Regulators have been asking for years whether banks' use of a narrow set of cloud providers creates a systemic risk to the financial system.
Now the theory will be tested in public view as Democratic presidential candidate Sen. Elizabeth Warren, D-Mass., has asked the Federal Trade Commission to explore Amazon's role in a recent security breach that happened at Capital One.
It is another significant step toward a very public discussion of how cloud giants receive regulatory oversight, and another strategic move by legislators to highlight the systemic importance of cloud service providers to the wider financial sector.
In Capital One's case, a former Amazon employee exploited a loophole in the configuration of the firewall for an application built on the cloud that allegedly allowed her to access personal information of 106 million Capital One customers and prospects.
As in most breaches that involve a cloud service provider, Amazon has sought to stay at arm's length from the problem. Amazon told The New York Times shortly after the incident that its customers fully controlled the applications they built and that it had no evidence its services were compromised. Capital One also said the breach was the result of a misconfigured firewall within an application built on the cloud, not a flaw of the cloud service itself.
Keeping that distance has been in the interests of both the banks and the cloud providers. Banks build very complex infrastructure and vast information databases on the servers they rent from the providers, and because of a complicated global mix of privacy and cybersecurity rules, they want the fewest outsiders possible to have access to it.
Giving a third-party cloud provider such as Amazon, Microsoft or Google the ability to "fix things" at will, with full access to bank data, would expose the bank to security and privacy problems as much as it would expose the cloud provider to liability.
So instead, the preferred arrangement has been to give banks complete autonomy over what they build and run on these cloud services.
But regulators across the Western world, not only in the United States, have been growing increasingly concerned about how a cloud security breach could impact the financial sector.
After the financial crisis of 2008, the 2010 Dodd-Frank Act codified numerous institutions under the banner of "systemically important," aka "too big to fail," subjecting them to enhanced capital oversight and some additional cybersecurity oversight. Most of the "systemically important" institutions are banks or related entities, such as insurance companies.
But there is a third category of companies that are just as heavily regulated, known as "Systemically Important Financial Market Utilities." These companies are subject to heavy oversight because they help keep the wheels of the financial sector turning. They allow payments to go through and books to settle once markets have closed. They allow future trades to clear and credit card purchases to go through instantly. If they shut down, many other aspects of the financial ecosystem would stop.
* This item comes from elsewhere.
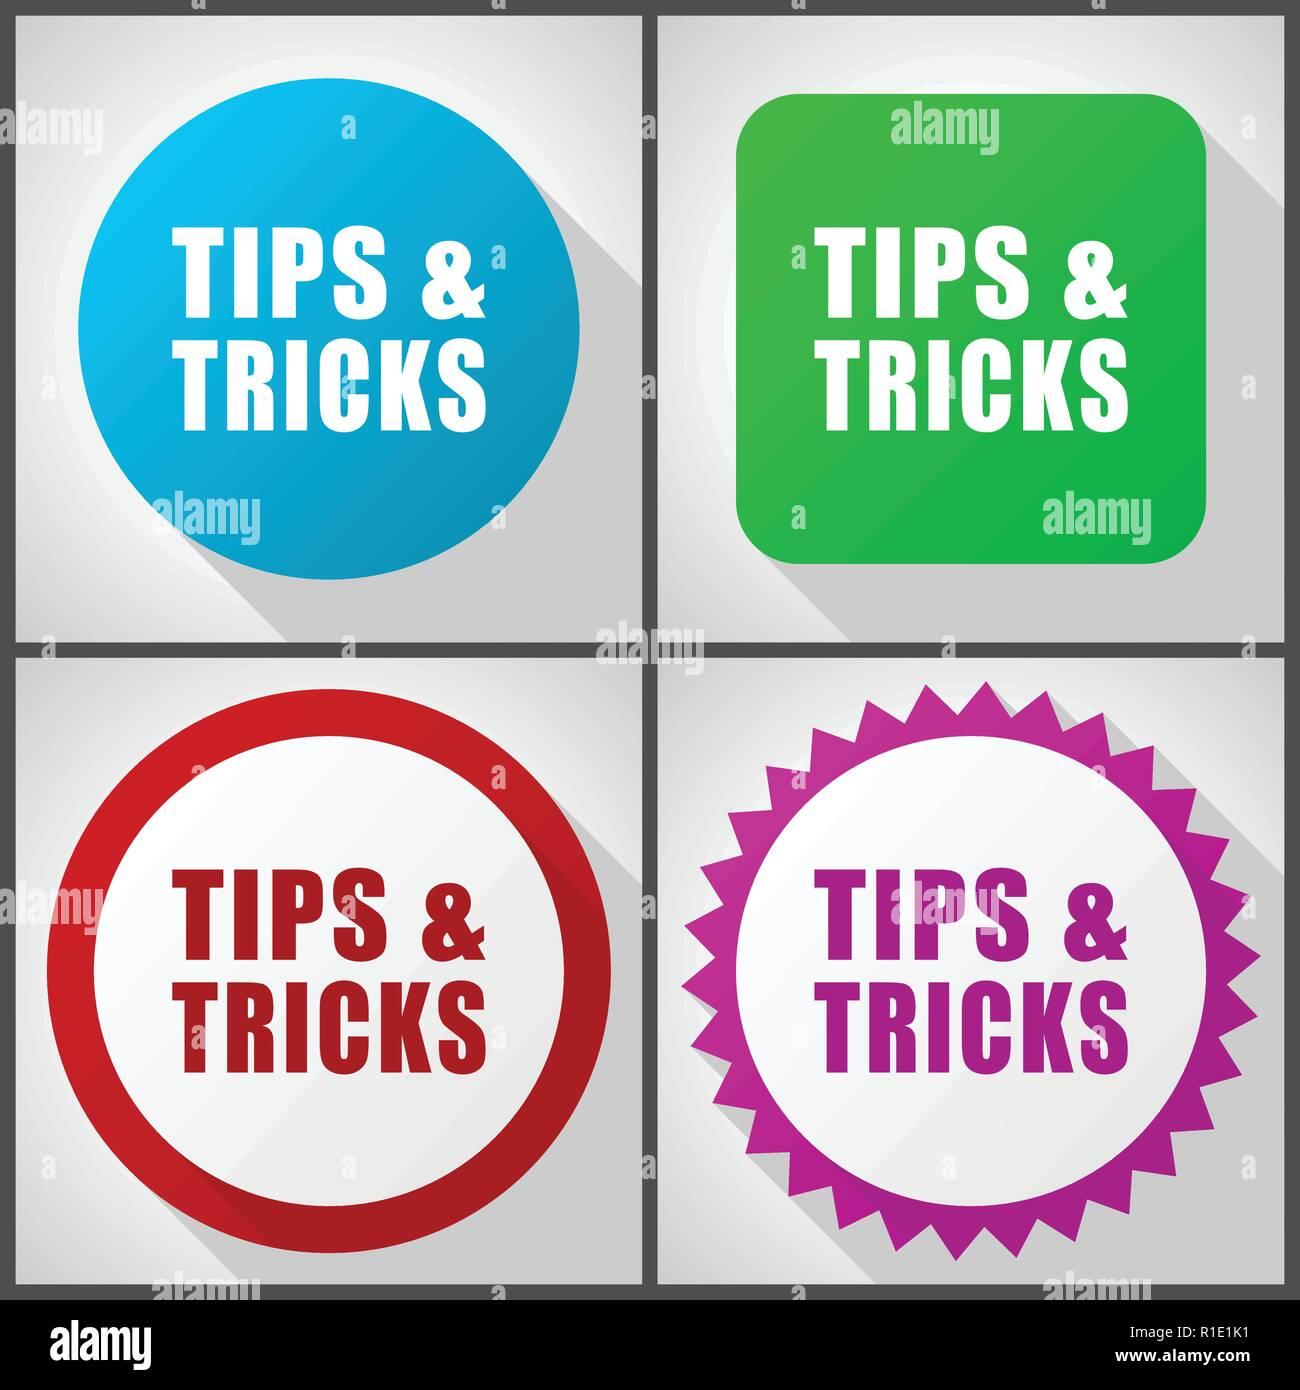 Designer Tips And Tricks For: Tips Tricks Icon Flat Icon Stock Photos & Tips Tricks Icon

Today, there are only eight SIFMUs:
Regulators and legislators have long kicked around the idea that cloud service providers have become integral to financial markets in the same way these utilities are and that a failure of the cloud could present the same, immediate shock to the financial sector as, say, a failure of the Clearing House.
In August, Reps. Nydia Velazquez, D-N.Y., and Katie Porter, D-Calif., suggested just that. They wrote a letter calling on the Financial Stability Oversight Council "to consider designating Amazon Web Services, Microsoft Azure and Google Cloud as SIFMUs under the Title VIII of the Dodd-Frank Act. A SIFMU designation would subject the tech firms to enhanced oversight by the Federal Reserve to ensure a cloud failure of a leading financial institution would not create a catastrophic risk to the nation's financial system."
In a separate August letter addressed to Amazon CEO Jeff Bezos, Sen. Ron Wyden, D-Ore., said, "If Amazon's cloud computing services are found to be the common element in a series of high-profile hacks targeting large corporations, it would raise serious questions about whether other corporations and government entities that use Amazon's cloud computing products are also vulnerable."
They don't talk about it much, but suffice it to say the cloud service providers really, really do not want to be designated as SIFMUs.
Bringing in the FTC to investigate whether Amazon was responsible, directly or even somewhat directly, for the breach at Capital One starts to dissolve the "arm's-length" relationship between the cloud providers and their bank clients.
Suggesting Amazon could be responsible for an application firewall configuration issue, for which Capital One has already taken responsibility, moves Congress another step closer to saying the cloud platform is truly a part of the architecture hosted on it, for purposes of how the financial system runs. This view could hold that, like the Clearing House, the cloud service is a utility indispensable to the proper running of the financial institutions that build on it.
An Amazon spokesperson criticized Warren's letter, written with Sen. Ron Wyden, D-Ore., for conflating the client and host in this way, saying via email: "The letter's claim is baseless and a publicity attempt from opportunistic politicians. As Capital One has explained, the perpetrator attacked a misconfiguration at the application layer of a Capital One firewall. The SSRF technique used in this incident was just one of many subsequent steps the perpetrator followed after gaining access to the company's systems, and could have been substituted for a number of other methods given the level of access already gained."
Cloud service providers will be intently watching any response to Warren's letter.